Planned enhancements

  1. Decouple online monitoring from the MPI program.
    • An implementation that uses shared memory is nearly complete. Another implementation that uses RTI DDS is largely done but needs some licensing issues to be worked out.
  2. Incorporation of the automatic file-closing features in art
    • In an upcoming release of art (v2.1, we believe), the changes to the RootOutput_module, and art itself, to support configurable automatic closing of files will become available. With this change, the artdaq system will not need to pause and resume runs in order to get files to close after they reach a certain size (or other thresholds).

Desired enhancements

  1. Store the full artdaq system configuration in the raw data files
    • We have shown that this is straightforward in principle. In a simple test, we provided additional FHiCL to the disk-writing Aggregator in its configuration document, and we were able to retrieve that information from the raw data file using config_dumper.
    • The main change that we will need to make this work is to combine the individual artdaq process configuration documents into one big document.
    • Recall that this "configuration" will contain the parameters that were used to configure each artdaq process, the parameters that were used by the various FragmentGenerators (BoardReaders) to configure their upstream hardware, and the parameters that were used to configure any/all art modules that are run in the system.
  2. Provide a common code base for FragmentGenerators
    • FragmentGenerators are the components that we develop to interact with upstream hardware.
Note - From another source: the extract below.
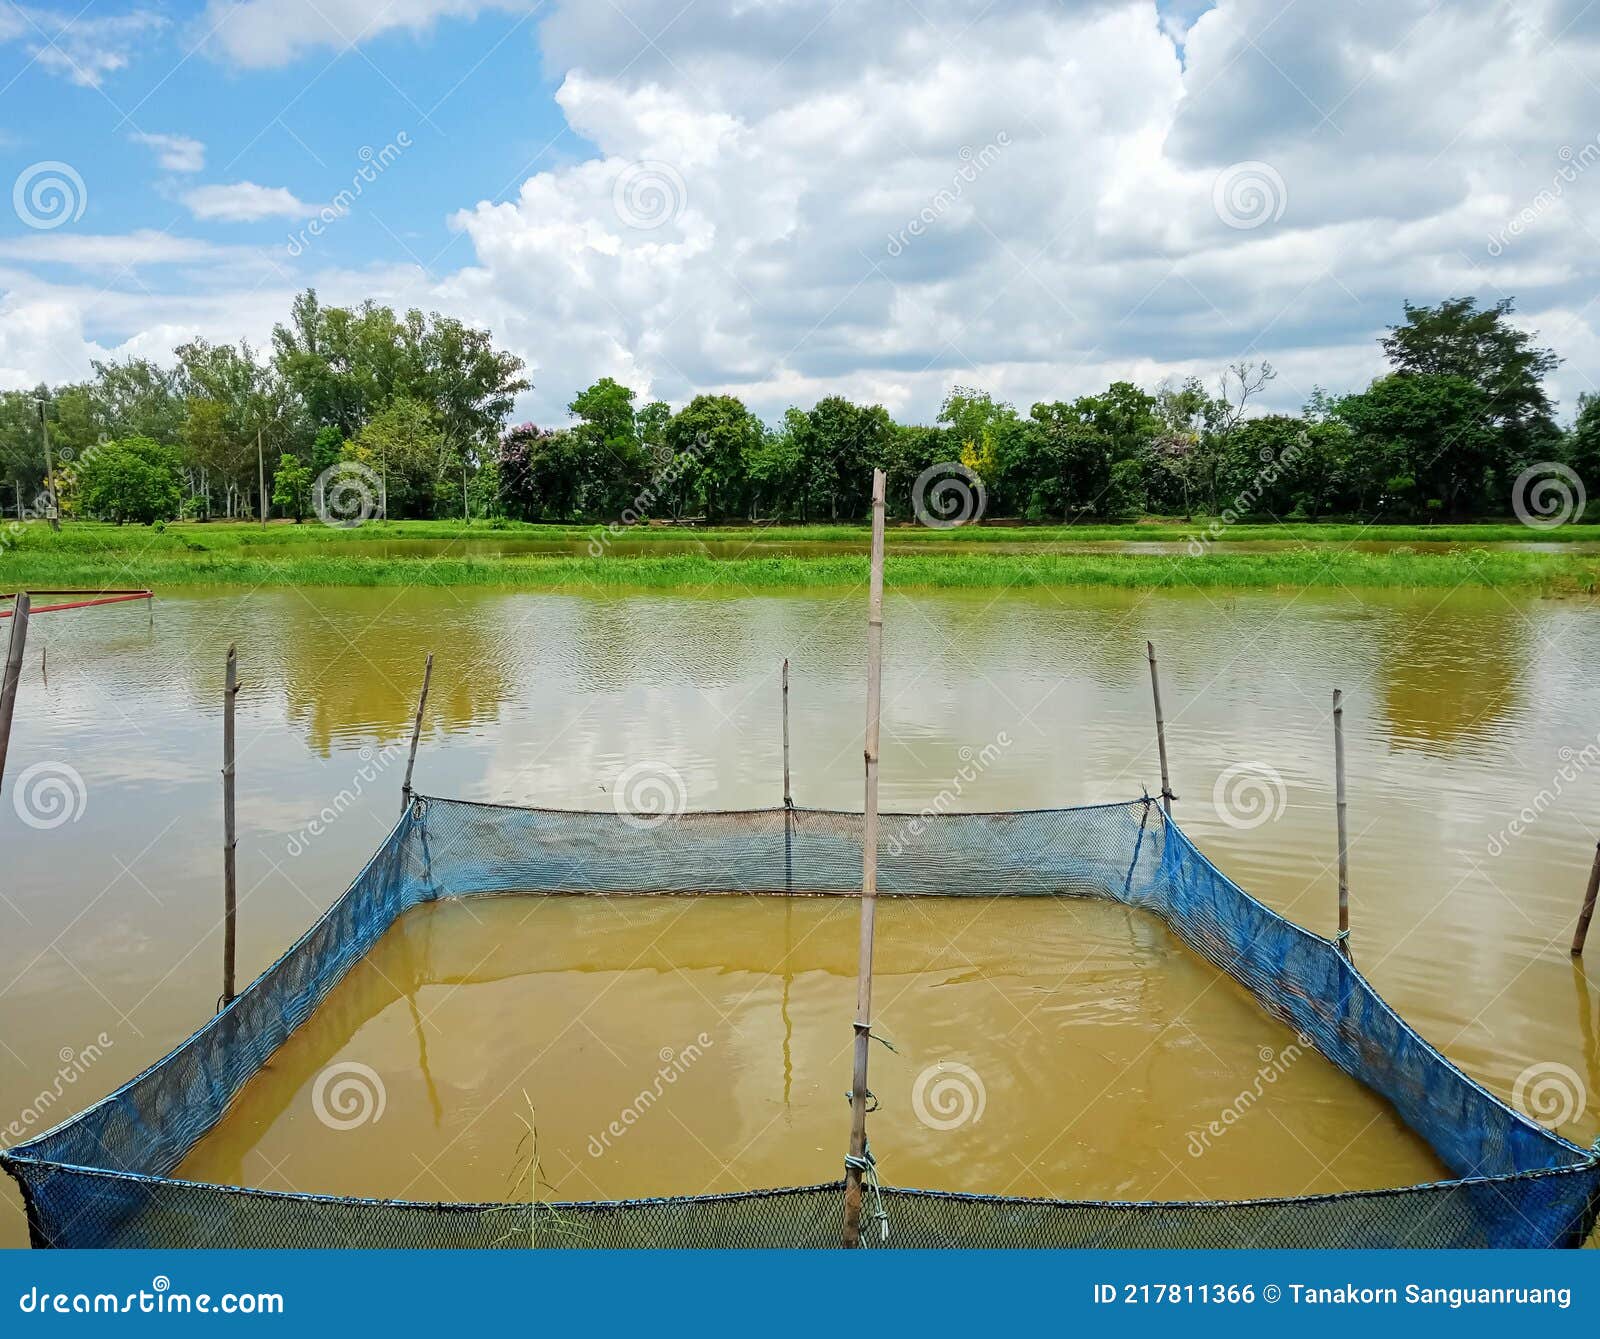 The Tilapia Fish Cage Culture Stock Photo - Image of fishery, asia

They are instantiated and used by BoardReaders.
    • One of the utilities that may be useful include support for a third thread for hardware readout. Others have been discussed.
      • Circular buffers, and a thread for filling them from hardware
      • A thread for monitoring hardware and/or running checks on data in the circular buffer
    • Perhaps common base class, with instances for a fake data and hardware data modes differing only in data source
  3. Provide support for another error level ("problem")?
  4. Automated entries in the elog?
  5. Are there improvements to the synchronization of fragment sending in the BoardReaders that we want to make?
  6. Timeouts for incomplete events.
  7. Storing of MessageFacility messages in a searchable database.
  8. Identifying and/or developing tools to help debug system issues and monitor system performance. For example, if/when system throughput is less than expected, it would be great to have tools that provide visibility into the source of the problem.
    • Ron has checked into one of the artdaq repositories his rgang-iperf test application.

Investigations and features that would help with protoDUNE DAQ planning and testing

  1. Playback mode. (Resolved)
    • The idea is to create a FragmentGenerator that can be given the path to a file on disk and told the fragment ID of the fragments of interest, and that FragmentGenerator would read the events from the file, pull out the requested fragment from each event, and send the fragments downstream (simulating the readout of the hardware).
    • Secondary considerations include replaying the events over and over to allow long test runs and pre-loading the fragments into memory so that higher event rates can be achieved (compared to reading each event when needed)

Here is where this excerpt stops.